Lauréates du programme Audi talents, les trois installations présentées au Palais de Tokyo sont des voyages prospectifs dans l’Histoire et les histoires qui façonnent notre époque, celles des nouvelles technologies, des discours sur l’art et d’un avenir affamé de science et de fiction politique.
Dans « Al Qamar », Marielle Chabal nous entraîne dans l’environnement d’une communauté libertaire à l’origine de la fondation, en 2024, de la « Cité de la Lune » (Al Qamar) aux alentours de Jéricho en Palestine. L’installation nous plonge au coeur de cette fiction à laquelle l’artiste travaille depuis plusieurs années, produisant des textes et des objets qui dessinent le contour de cette société nouvelle. Montré ici en avant-première, le projet prend corps dans la réalisation d’un film qui cherche à dénouer les clivages coloniaux mis en place par l’installation même de la communauté d’Al Qamar, dans un territoire de conflits (en l’occurrence, le territoire Palestinien). L’installation présente en regard des maquettes de bâtiments de la cité, des costumes et autres documents et accessoires ayant servi à la réalisation du court-métrage produit avec le soutien de Audi talents.
Avec « Terre seconde », Grégory Chatonsky nous projette dans le futur immédiat des fantasmes d’une intelligence artificielle nourrie de « deep learning », produisant des images et des objets inédits issus des calculs statistiques de la machine. Puisant dans le répertoire infini de formes accumulées sur internet, ce réseau récursif de neurones invente en permanence des images qui semblent provenir d’un inconscient collectif. L’ensemble de l’installation nous propose de traverser différentes expériences et expérimentations qui forment le premier état de cette
« Terre seconde » peuplée de chimères numériques.

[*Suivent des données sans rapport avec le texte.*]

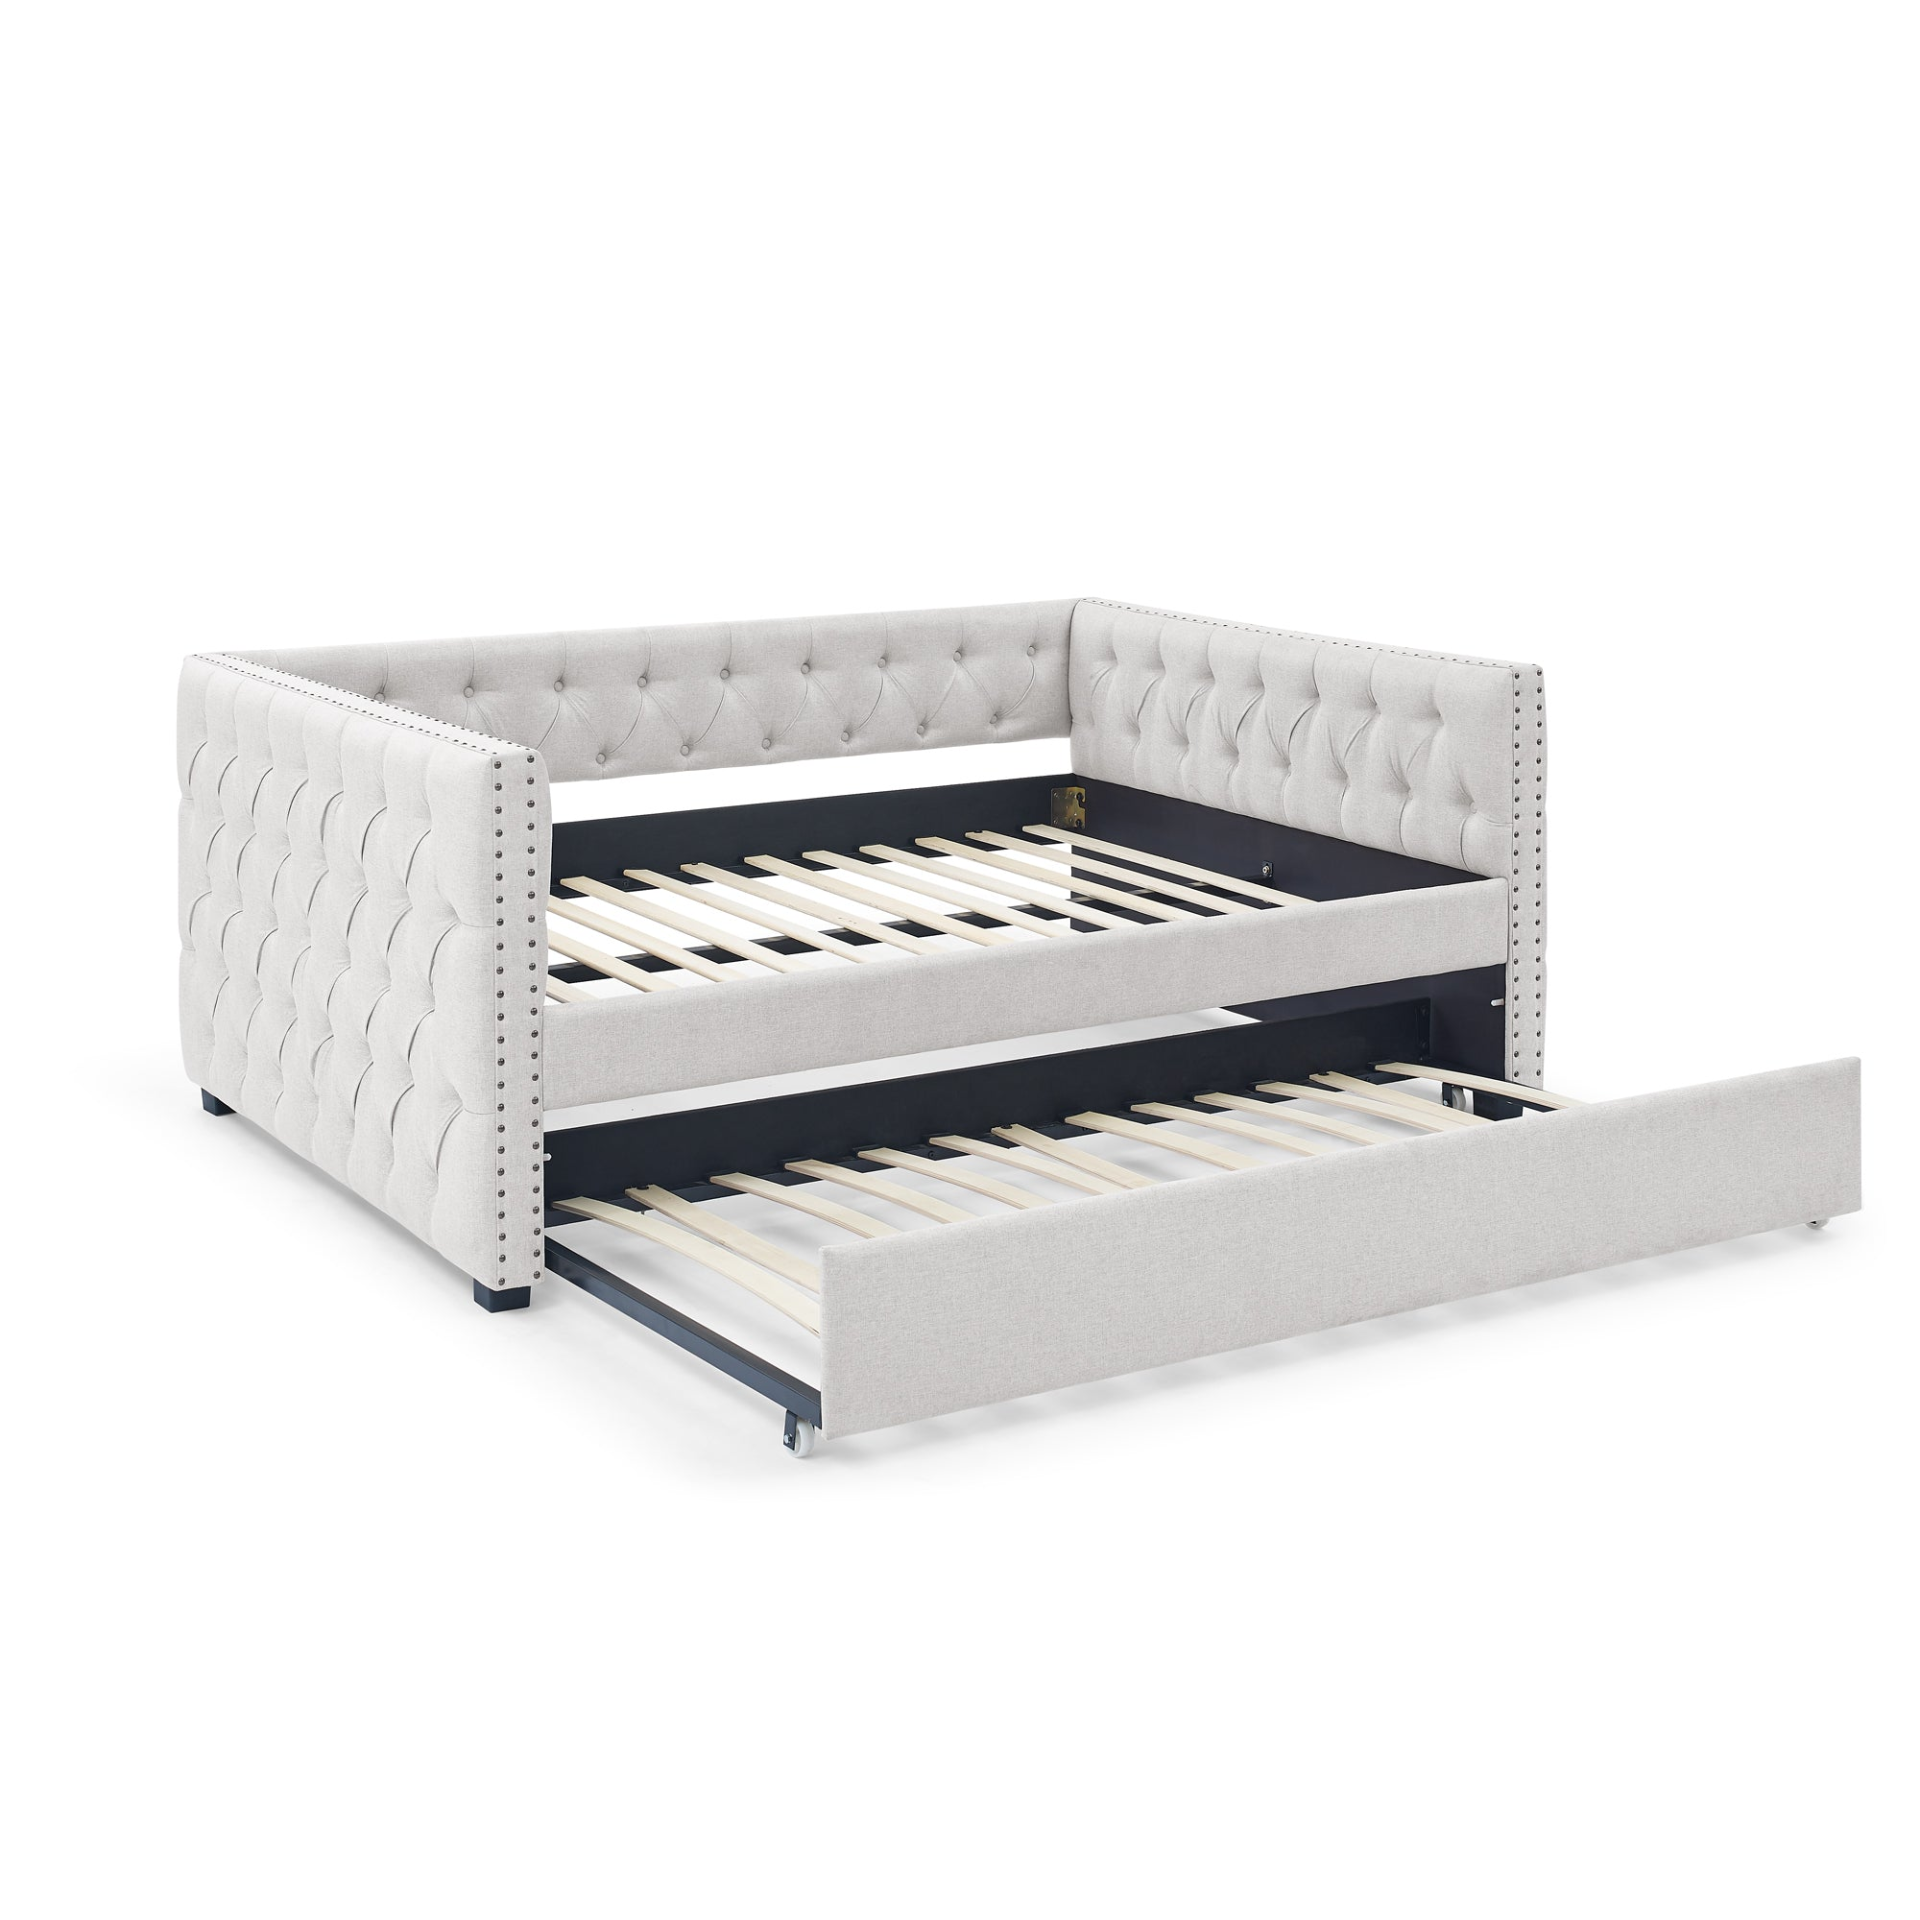 Beige - Button Tufted Daybed Sofa with Pull-Out Trundle - Full Size Daybed & Twin Trundle (85"x57"x31.5")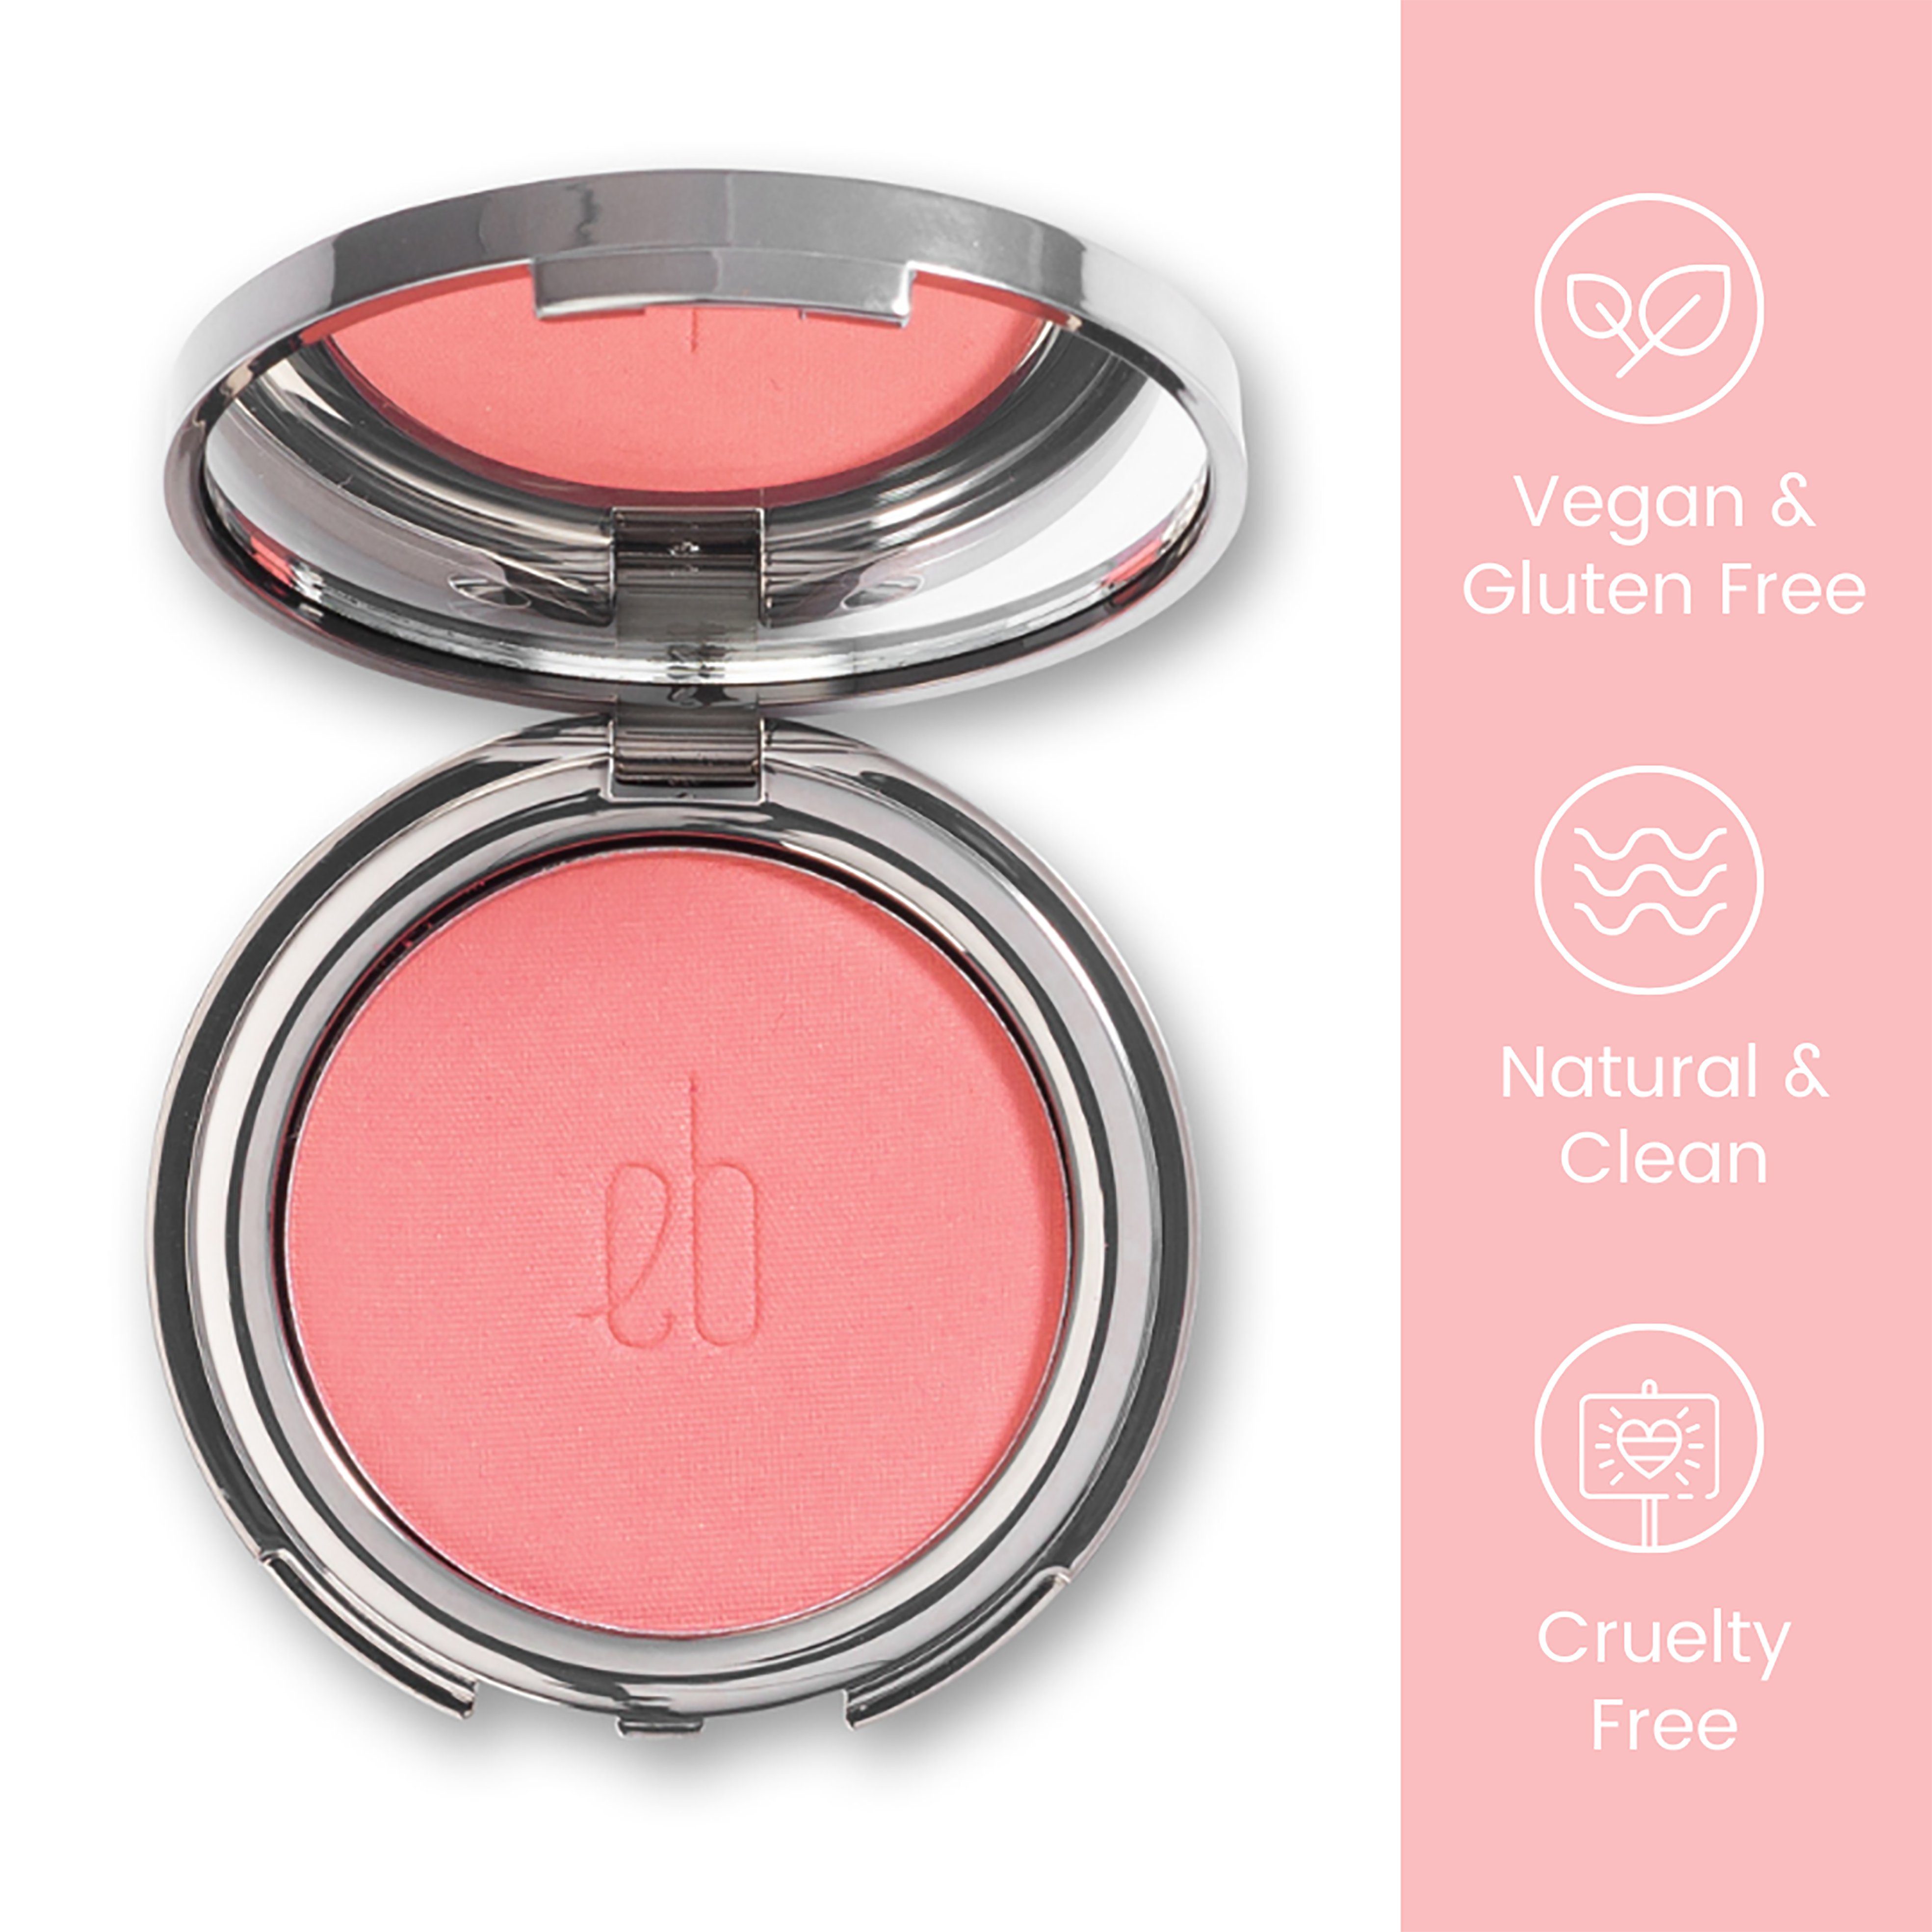 Rouge, Mineral Coral Veil frei, ETHEREAL Clean, Natural, Veil BEAUTY® Desire Vegan, Mineral Langhaltend Rouge-Palette Gluten Blush,

L’exposition se conclut sur la proposition Picrochole – Le rêve de Paul de Léonard Martin, où l’artiste dresse un portrait fantasmatique de Paolo Uccello, célèbre peintre italien du quattrocento obsédé par la géométrie et dont la « Bataille de San Romano » (1455) a marqué l’histoire de l’art. L’installation dévoile tout d’abord trois grandes marionnettes, des chevaliers comme échappés des peintures du maître, des carcasses poétiques composées de centaines de morceaux de polycarbonate ajustés les uns aux autres et couvertes de signes graphiques. Au centre de l’installation, Léonard Martin présente une « arène » où ces chevaliers reproduits en modèle réduit s’affrontent symboliquement dans une chorégraphie chaotique, tandis que le fond de l’installation propose une vidéo déployée sur trois écrans où ces marionnettes sont mises en scène dans un véritable voyage filmique : pensé comme un assemblage de sonorités liées à ces corps de combattants et aux matériaux qui les protègent, le film est écrit comme un songe où l’artiste a voulu intriquer ces objets-chevaliers dans la substance même du paysage.